Evaluation & Ranking

Participants will be asked to train their systems making use of provided training and validation sets. They are free to deal with the unbalanced nature of the dataset by applying any mitigation technique they find appropriate for the task; they are also free to resize the original images for standardization purposes. Participants will be asked to provide their trained systems in an executable form together with a comprehensive description of their systems including the architecture and the adopted preprocessing steps. Delivered programs should be able to accept and read a collection of images from a folder and produce a CSV file with two labeled columns.
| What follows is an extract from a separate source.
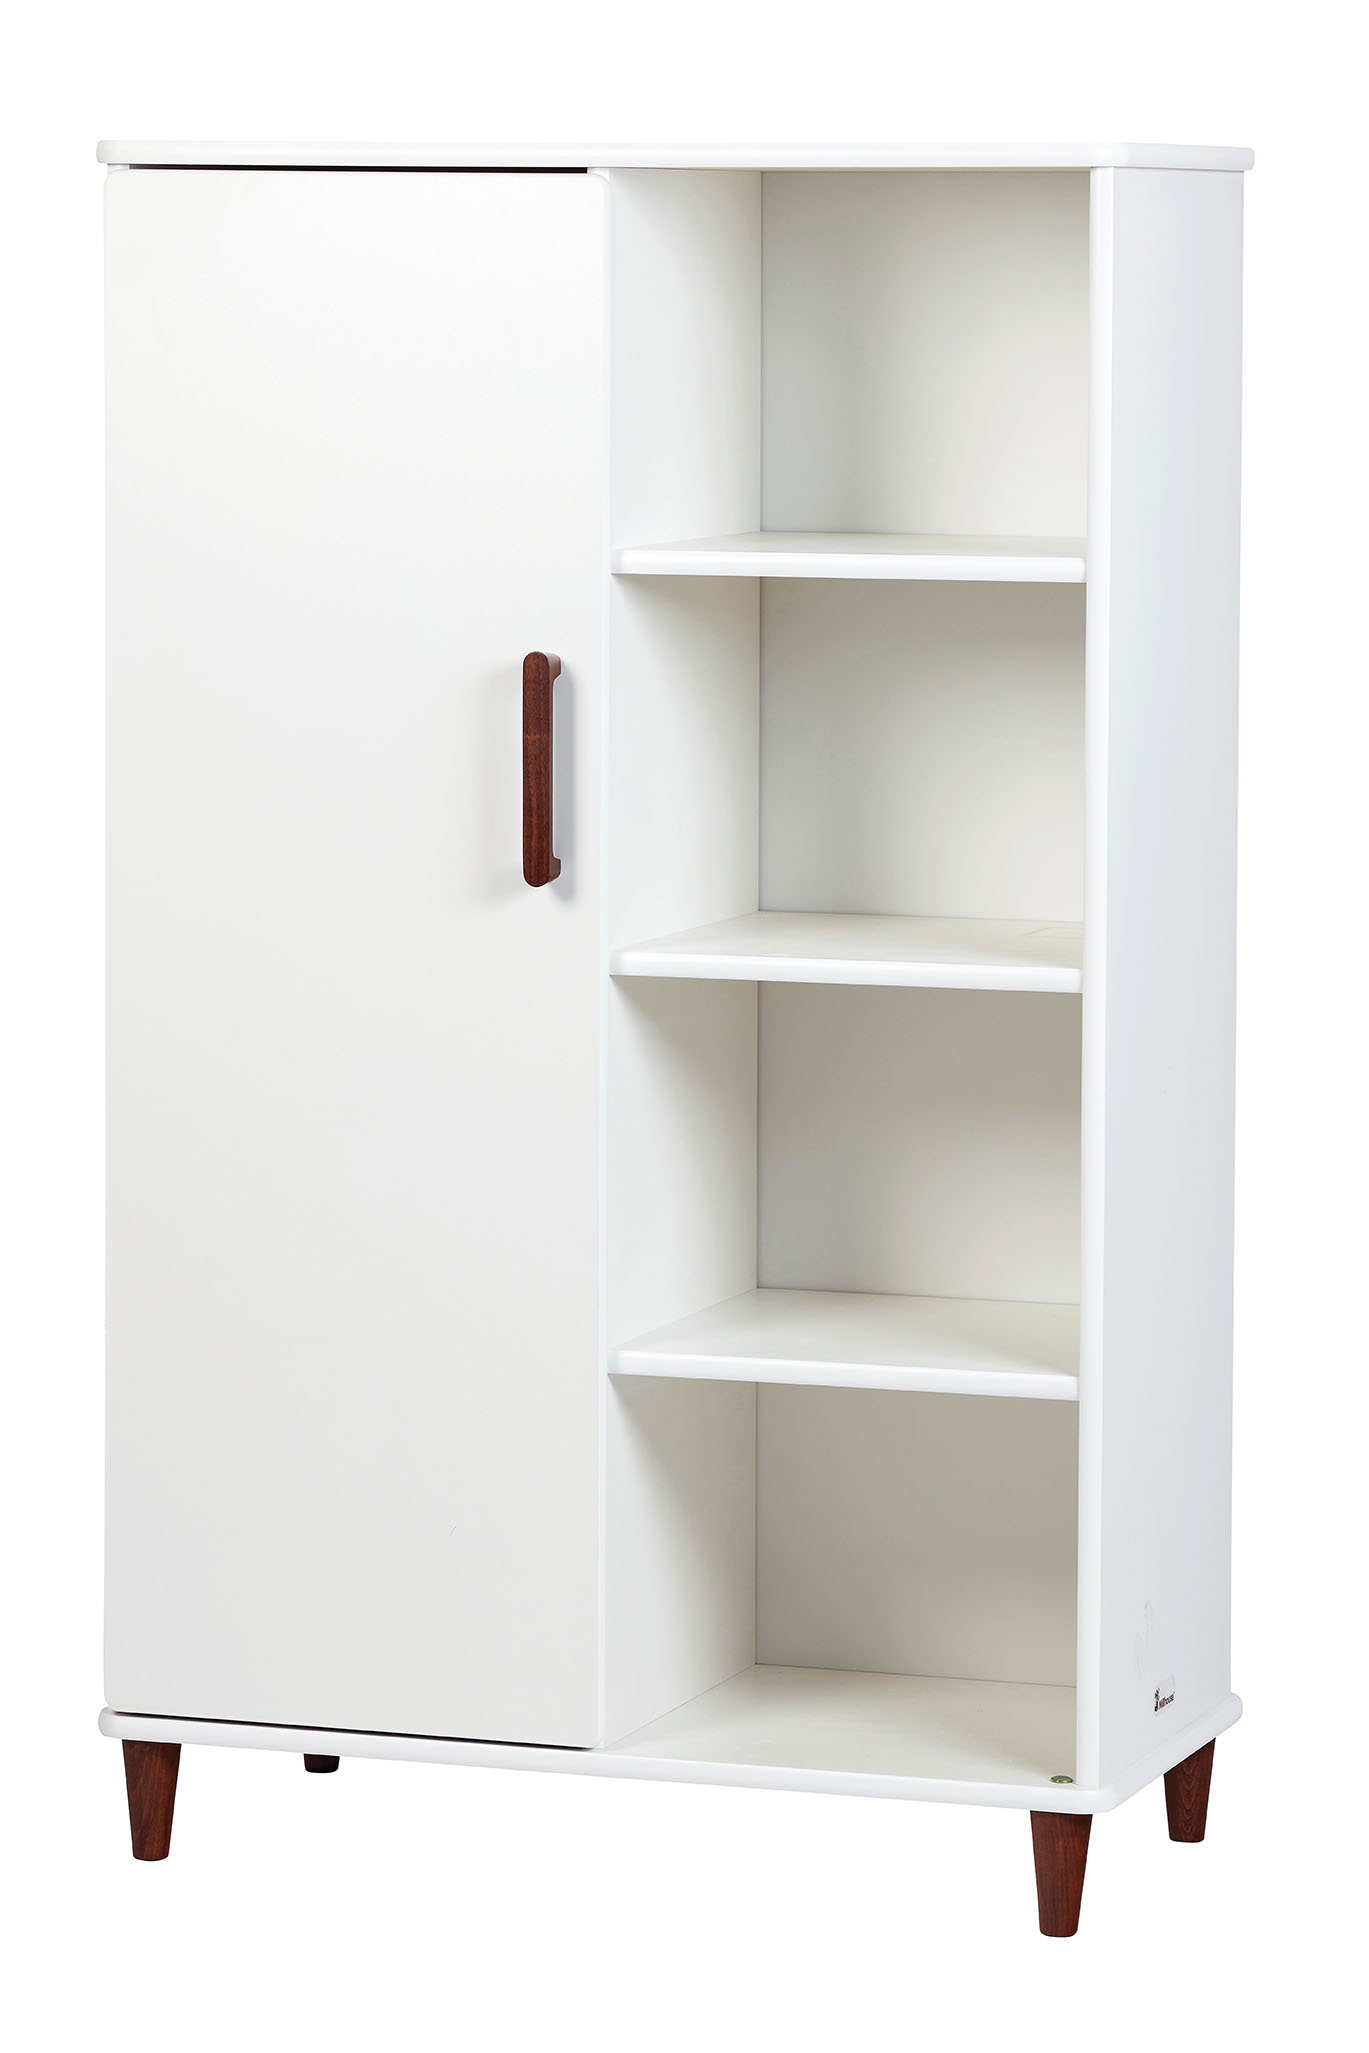 PT936-Millhouse-Early-Years-Furniture-White-Single-Cupboard-Door-Unit_Main_RGB.jpg

The first column should indicate the name of the tested sample (image name), and the second column should indicate the prediction of the system for each sample in the first column; predictions are values from 1 to 14 that indicate the predicted century number for each image, as described by the following table:

For simplicity, the names of samples included in the training and validation sets are coded as a sequence of 6 digit-numbers. The first two digits in the left indicate the century number (class value) of the sample; the subsequent four digits represent a sequential number associated to each sample. The entire structure of the adopted file name of samples is depicted in the following figure:

Returned data by participants allows the organization committee members to easily get the predictions of systems and hence properly evaluate their performances. Using the same test set, participating systems are compared and ranked according to two main criteria:

Correct dating of manuscript samples of the test set: making use of the following metrics:
1. F1-score,
2. MAE (Mean Absolute Error),
3. CS (Cumulative Score)
4. ACC (Classification accuracy [1]).

Average processing time.

Note that special interest will be given to the comparison of dating manuscripts with specific text formats such as tables, texts in margins with different styles, and hand-drawn figures. This enables the identification of the strengths and weaknesses of each system.